Дороти Ли Сэйерс - Престолы, Господства
Но, как писал доктор Донн в своих проповедях, она была в том настроении, когда готов бросить занятия из-за «жужжания мухи, грохота кареты, скрипа двери…» [43] Звон упряжи и цоканье копыт под окном были звуками, достаточно необычными, чтобы их исследовать. Она выглянула наружу. Брогам [44] с толстым кучером и двумя жирными, с лоснящейся шкурой лошадями подъехал и остановился перед дверью. Было очевидно, что с визитом явилось нечто значительное — что-то, что никогда не заехало бы к мисс Харриет Вейн, но способно в любой момент без предупреждения потребовать доложить о себе леди Питер Уимзи. Её светлость, подавляя естественное побуждение мисс Вейн вытянуть шею из окна как можно дальше, положила на стол ручку и задалась вопросом, одета ли она соответствующим образом, чтобы встретить гостью независимо от того, что за добрая фея выпорхнет из этой тыквы-кареты.
Прибыла карточка на подносе.
— Графиня Северна и Темзы, миледи. Ваша светлость дома?
Очевидно, просто необходимо быть дома для леди Северн, которая достигла невероятного возраста и заработала ужасную репутацию. Харриет слабо пролепетала, что дома, и сохранила достаточно самообладания, чтобы не броситься бегом в холл, а подождать, пока грозная ветхозаветная старуха поднимется в гостиную и переведёт дух.
Когда после приемлемой паузы она вошла, то обнаружила леди Северн сидящей на диване с невероятно прямой спиной, руки её опирались на трость, а глаза не мигая смотрели на дверь. Помещение было большим, и Харриет, пересекая его, чувствовала, что руки и ноги как будто стали чужими. Но всё же писатель, сидящий в ней, мгновенно оценил гостью как заплесневелого старого стервятника, хоть и в чёрной бархатной шляпке без полей.
— Как поживаете? — произнесла Харриет. — Пожалуйста, не вставайте. Очень любезно с вашей стороны заехать.

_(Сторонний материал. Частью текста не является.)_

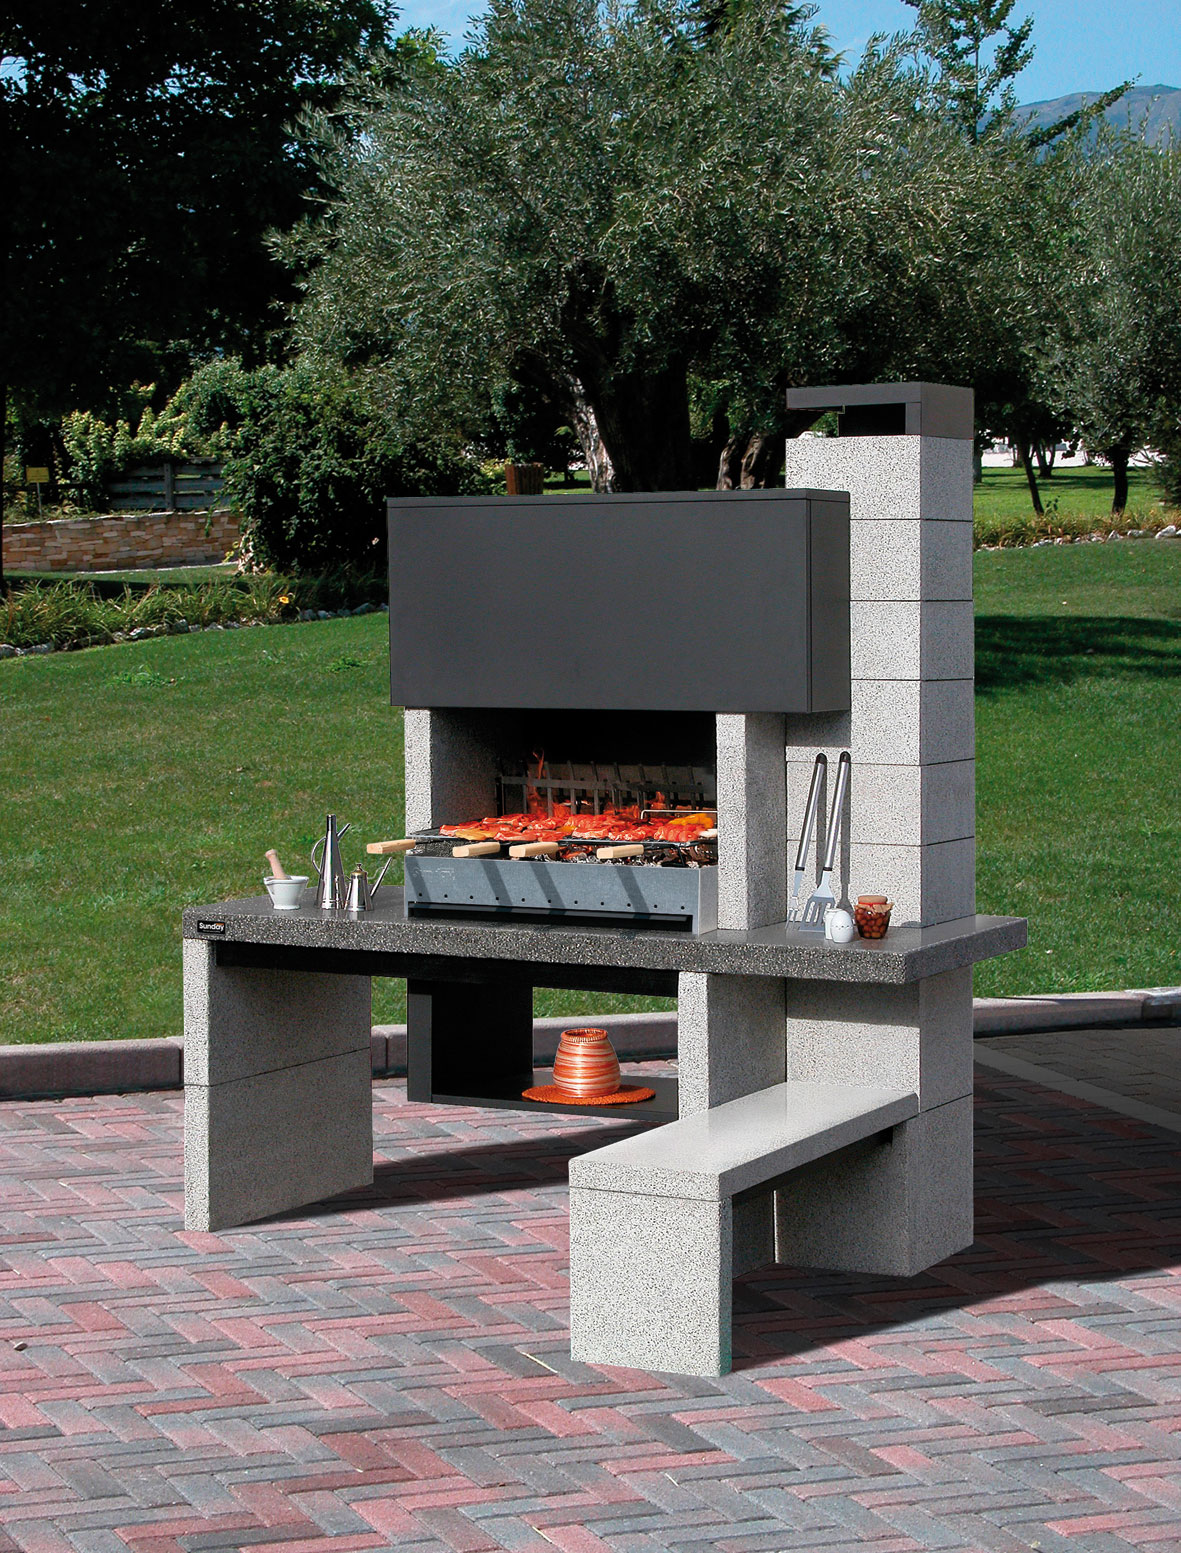 mcz gartengrill sunday newjersey. Black Bedroom Furniture Sets. Home Design Ideas

— Ничуть, — парировала леди Северн. — Чистое любопытство. Единственный приятный грешок, который у меня остался. На прошлой неделе мне стукнуло девяносто, поэтому я могу поступать, как мне нравится. Спасибо, да, я в полном порядке. Я приехала, чтобы взглянуть, на чём женился Питер, — вот и всё.
— Но это очень любезно с вашей стороны, — повторила Харриет. — Вы легко могли бы послать за мной.
— Конечно могла, — согласилась леди Северн, — но тогда тут же прискакал бы и Питер, чтобы защищать свою собственность. А сейчас я знаю, что он не помешает.
— Он будет очень жалеть, что разминулся с вам.
— Весьма возможно. Гм. Ну, у тебя, похоже, очень живое лицо и брови есть. Брови вышли из моды — я устала смотреть на яйца вместо лиц. И у тебя крепкая кость. Кожа выглядит здоровой, если это естественный цвет.
— Да, лишь немного пудры.
— Гм. Ты подходишь. Хелен Денвер — дура. Ну, и как тебе это нравится?
— Что именно, леди Северн?
— Быть частью собственности Уимзи.
— Питер не рассматривает меня как часть собственности.
— Наверное нет. Всегда отличался благовоспитанностью. Превосходен в постели, по крайней мере, некоторые мне так говорили.
Харриет сказала серьёзно:
— Не думаю, что они должны были об этом говорить.
Несмотря на все усилия уголки её рта дёрнулись, и стервятник вновь усмехнулся.
— Ты совершенно права, моя дорогая, не должны. Не расскажешь — я не узнаю. Никогда ничего не рассказывай мне, я всегда так говорю. Ты его действительно любишь?
— Да. И готова повторять это снова и снова.
— Тогда почему ты не вышла за него раньше?
— Упрямство, — сказала Харриет и на сей раз открыто улыбнулась.
— Пф! Вероятно, ты — первая женщина, которая когда-либо заставляла его ждать. А как ты ведёшь себя с ним теперь: лобызаешь пальцы его ног или заставляешь делать стойку и просить?
— А вы что посоветуете?
— Честные отношения, — резко произнесла старая леди. — Мужчина не становится лучше, если его изводить. Ты меня развлекаешь. Большинство этих молодых женщин очень скучны. Они или обижаются или считают, что я кричу. А ты как думаешь?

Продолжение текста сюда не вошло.